Competition in China’s aquafeed sector continues to heat up, with a leading animal feed firm entering the sector just as two leading players engage in a price war to grab market share.
Zonghai Aquatic Science and Technology Group recently opened a new CNY 60 million (USD 9 million, EUR 7.9 million) aquafeed processing plant in the Zhangzhou district of Fuzhou, in the heart of south China’s aquaculture sector. With a capacity of 200,000 metric tons per year, the company aims to double production at the plant within the next five years to compete with leading Chinese aquafeed players like Guangdong Haid and Tongwei Group.
The majority shareholder in the new venture, Te Qu Livestock Science and Technology Co., claims to be the leading producer of pig feed in southwest China and has partnered with local firm Meishan Zonghai Management Consultancy Co. on the plant.

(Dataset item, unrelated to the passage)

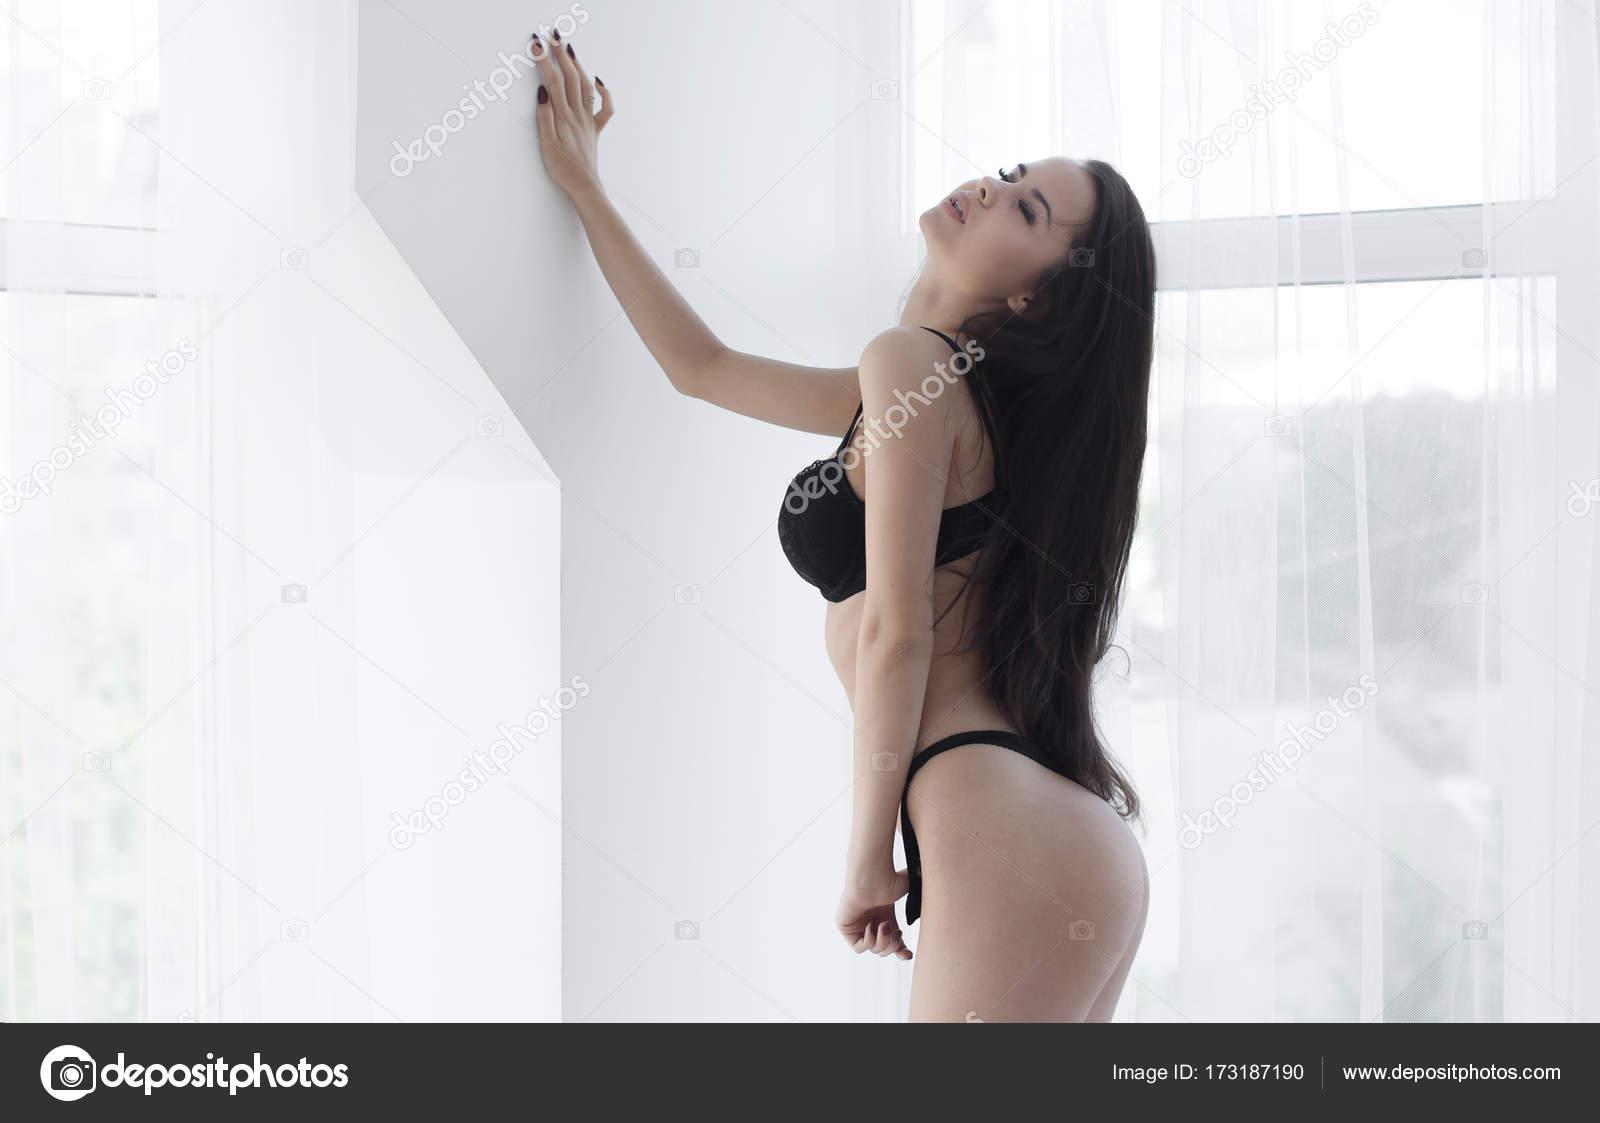 Оргазм на фотосессии

Its opening is the latest sign that China’s aquaculture feed sector is attracting investment from leading pig feed firms keen to tap into perceived future growth potential. It also comes as Haid and Tongwei are engaged in a price war, with the former offering vannemei shrimp feed for CNY 300 (USD 44.73, EUR 39.53) per ton this week in southern China, down from a 12-month high of CNY 480 (USD 71.56, EUR 63.25).
“We want to produce feed but we will also sell fry and antibiotics,” Zonghai Head of Product Bai Shi Jun said. He pointed to growth potential in China’s aquafeed sector, and to an absence of the same major players who’ve risen to dominance in the pork sector.
While there are opportunities in the sector, he warned there are also many companies interested in diving in.
“Competition will intensify,” he said.